It feeds features to training to produce models. (aka. Training)
It uses these models to make predictions. (aka. Deployment)

But what a production machine learning system usually involves:

 1. Gathering training data
 2. Applying feature extraction
 3. Training the model
 4. Verifying that the model is good
 5. Deploying the model

All of this is usually dubbed "the pipeline."

Machine learning system can be minimal. The system can consist only a few pieces of software running on your laptop. That isn't very scalable though.

Note that using machine learning-based tools does not automatically make the solution a machine learning system.

For example, if you have an application that does prompting to OpenAI or Anthropic APIs, that is not a machine learning system. This kind of applied machine learning can suffer from similar issues as a machine learning system, but it's not one as it's missing integral parts like training (there is no learning).

Machine learning systems are inherently more complex than normal software. Machine learning systems have all the same code complexity issues as normal software, but also have high system-level complexity that will cause compounding technical debt.

Make sure that data scientists and infrastructure engineers communicate. Code and pipelines are more manageable if engineers and researchers work closely; or are the same person.

Data scientists must go beyond optimizing the business metrics. Prediction bias, fairness, transparency and accountability are as important as security and privacy.

Security doesn't directly generate business value but, as we have recently noticed, data breaches can cost company a lot of money in plummeting stocks and lawsuits.
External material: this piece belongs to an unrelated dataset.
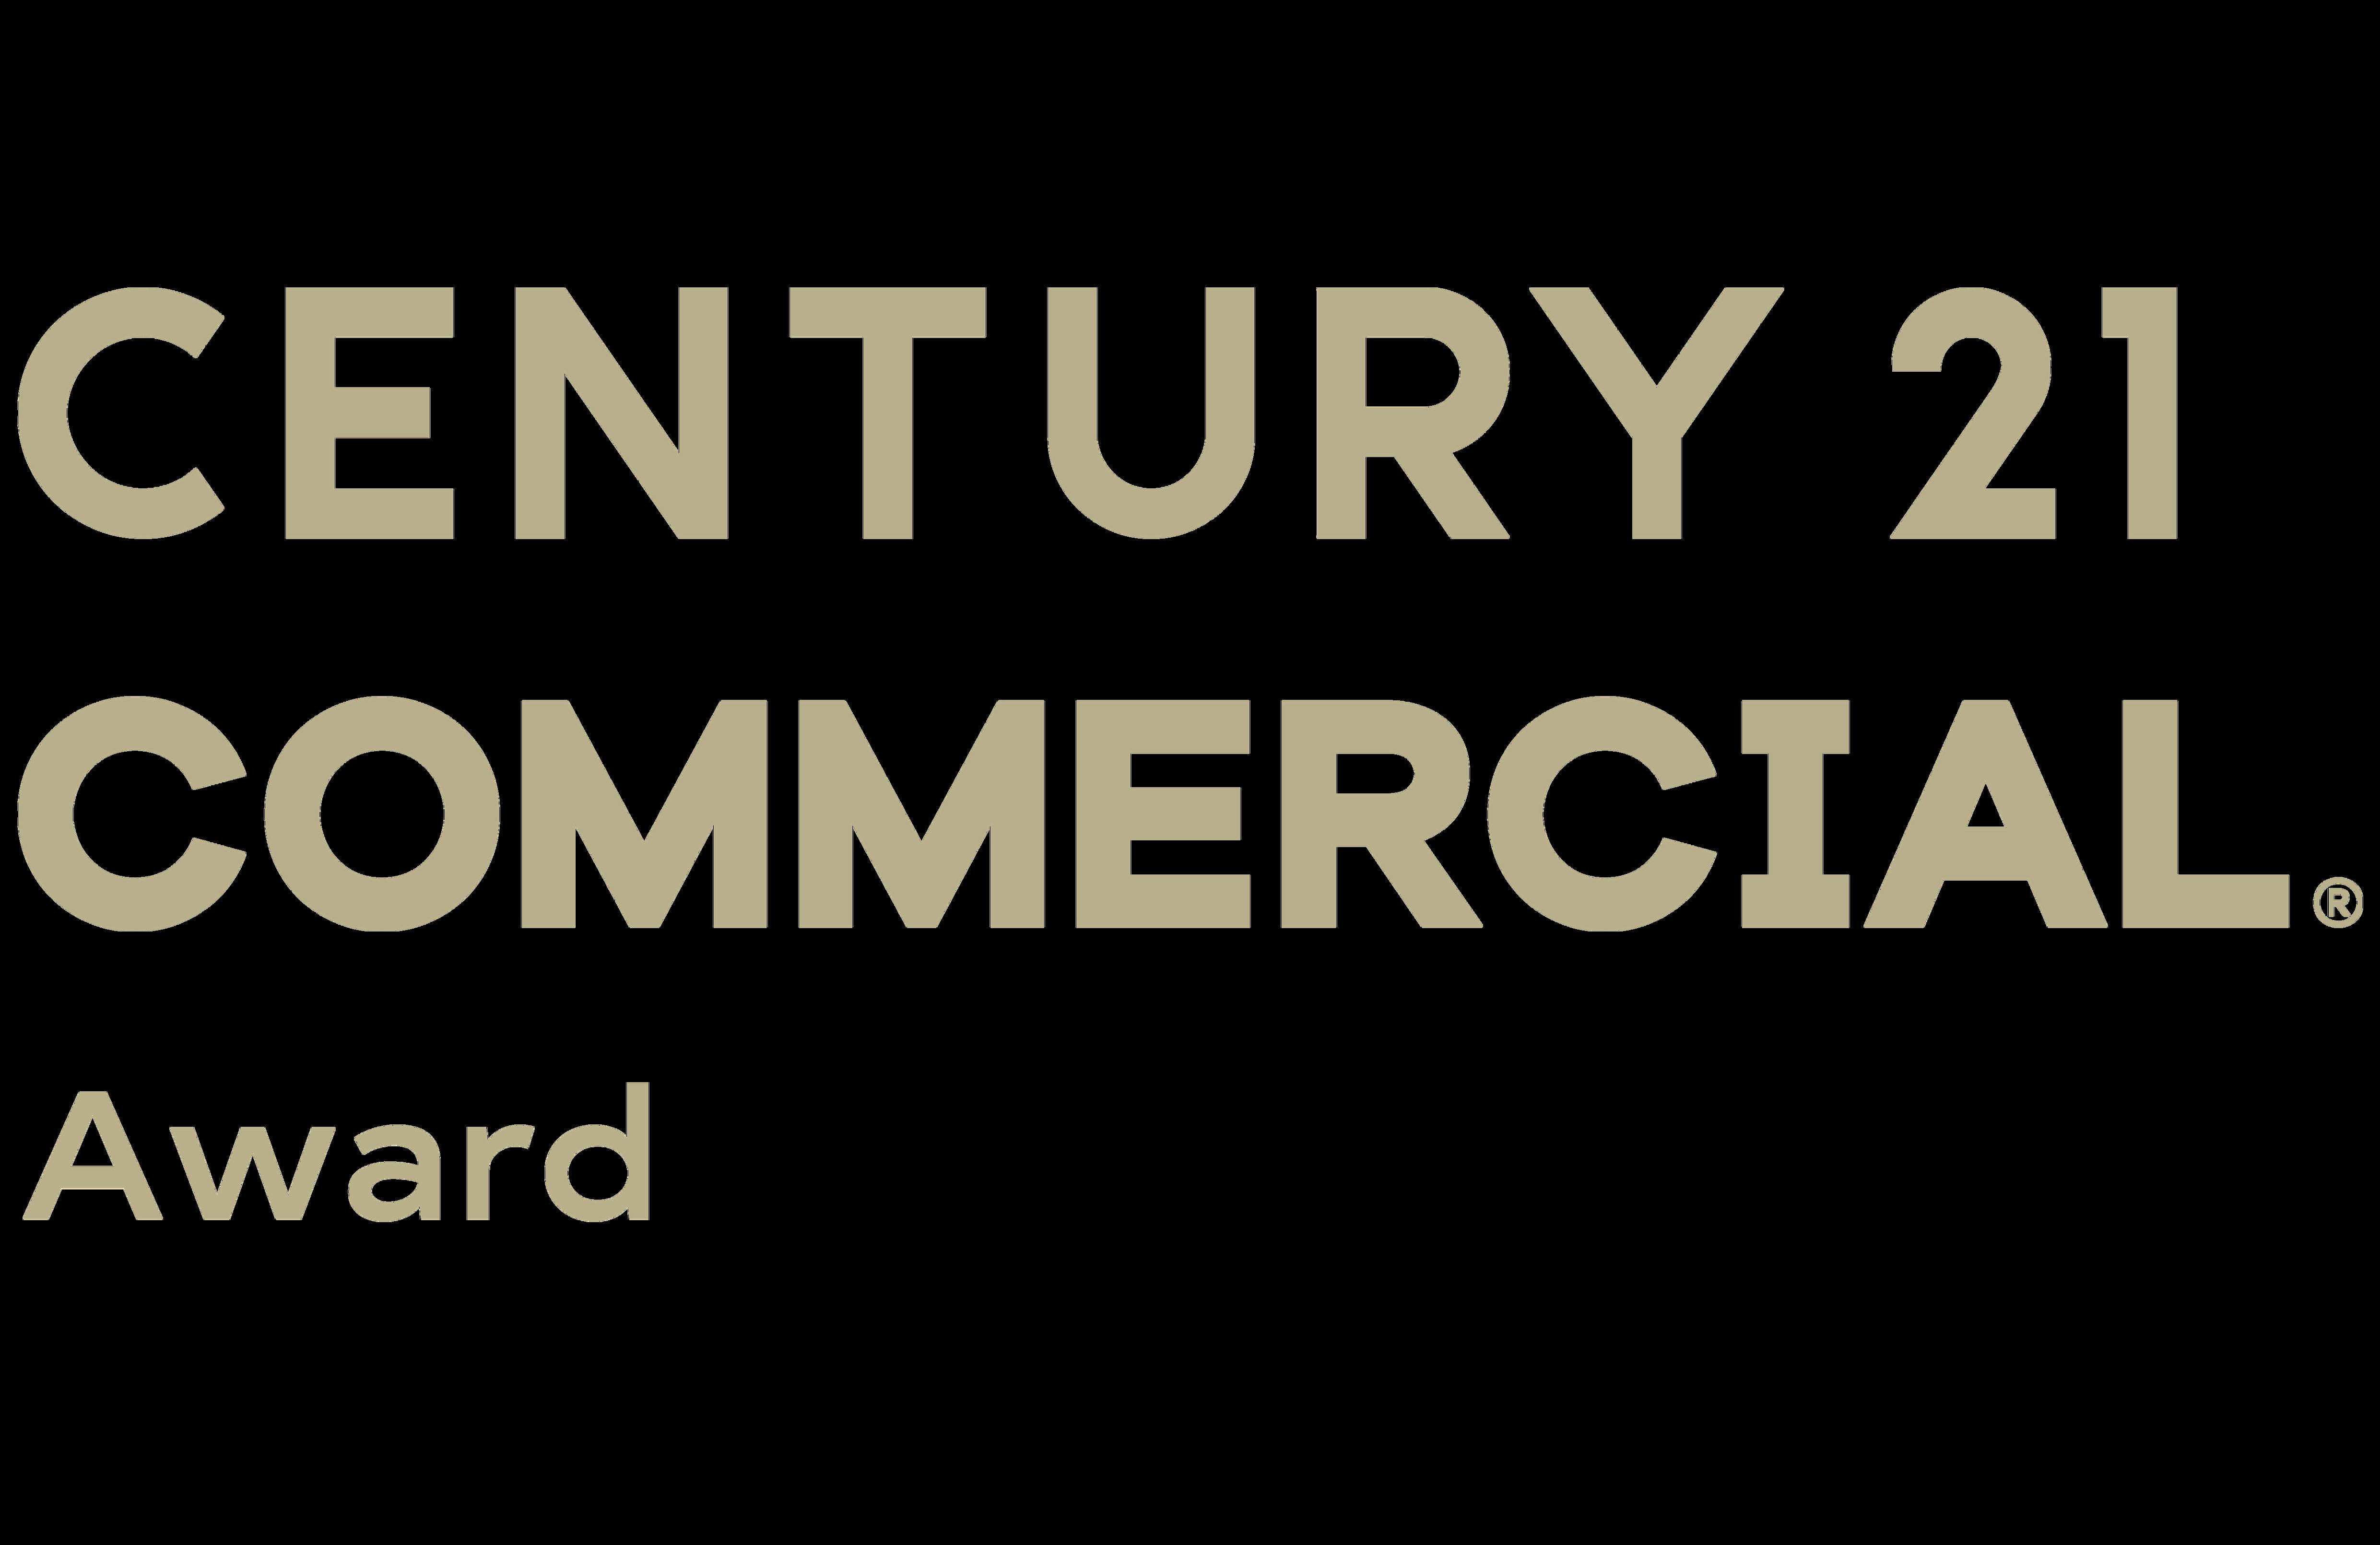 CENTURY 21 Award

Privacy is the same, no direct business value, but you don't want to find yourself in the middle of a lawsuit.

Fairness is achieved by segmenting your test data and evaluation. You monitor prediction error rates per dataset segment.

Health care model suggesting treatments, but your dataset has a lot more millennial than senior citizens. Without proper normalization, this will cause more errors for senior citizen treatments. The predictions become unfair for the senior citizen.

If you have a recruitment model that usually evaluates and trains on data based on people of white ethnicity, it might start discriminating other ethnicities if the data distribution is not kept in check. The model essentially becomes racist.

It is not uncommon for face detection models to poorly detect people of African ethnicity. Or even mislabel them as animals as Google Photos sometimes did in 2015.

Who is responsible for a biased and unfair model? The question of accountability is hard to answer. Is it the data scientist who trained the model or the manager who made the business metrics to optimize? Whoever is accountable, the blame will fall to the company using the model.

Other features of a good machine learning systems:

Pipelining with dynamic, non-blocking task creation on the fly.
Task input files should act as futures and continue when available.
Support for different execution times and resource requirements.
Support for different data sources.
Transparent fault tolerance where task crashes just get restarted.
Low-prediction latency for high-throughput serving.

Entanglement

Data is as important as code. Behavior of a machine learning system is not specified directly in code but is learned from data. This makes system innately tightly coupled with the data used, which usually changes a lot over time.

Entanglement is unavoidable. Machine learning models are creating entanglement and making the isolation of improvements effectively impossible.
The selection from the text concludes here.